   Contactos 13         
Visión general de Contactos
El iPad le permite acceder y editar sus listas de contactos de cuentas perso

------------------------------

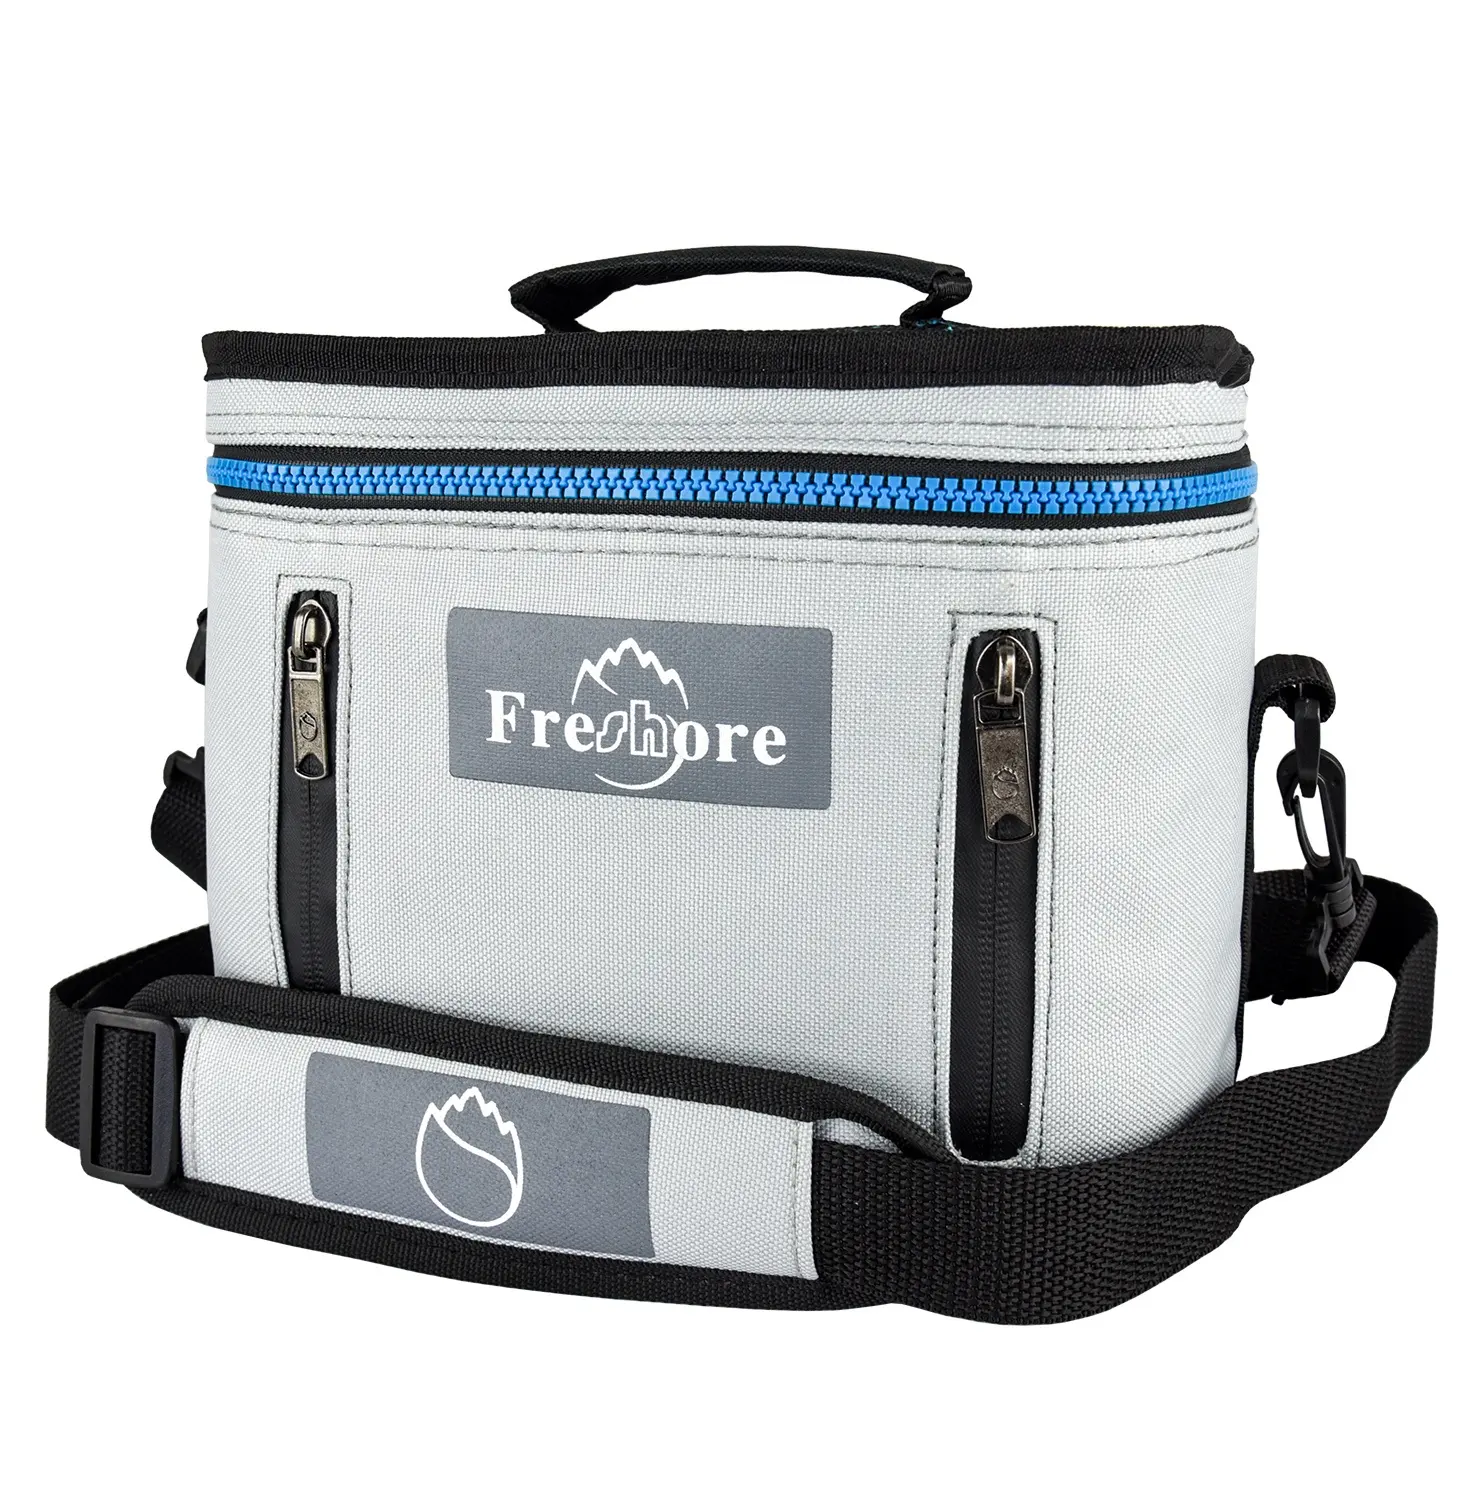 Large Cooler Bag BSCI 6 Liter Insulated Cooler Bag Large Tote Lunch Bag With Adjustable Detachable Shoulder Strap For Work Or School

------------------------------

EXERCISE -> The range runs from the line with "Contactos 13" up to and including the line with "El iPad le permite" in the listing above; please write out exactly those lines and nothing more.

TASK RESPONSE ->
   Contactos 13         
Visión general de Contactos
El iPad le permite acceder y editar sus listas de contactos de cuentas perso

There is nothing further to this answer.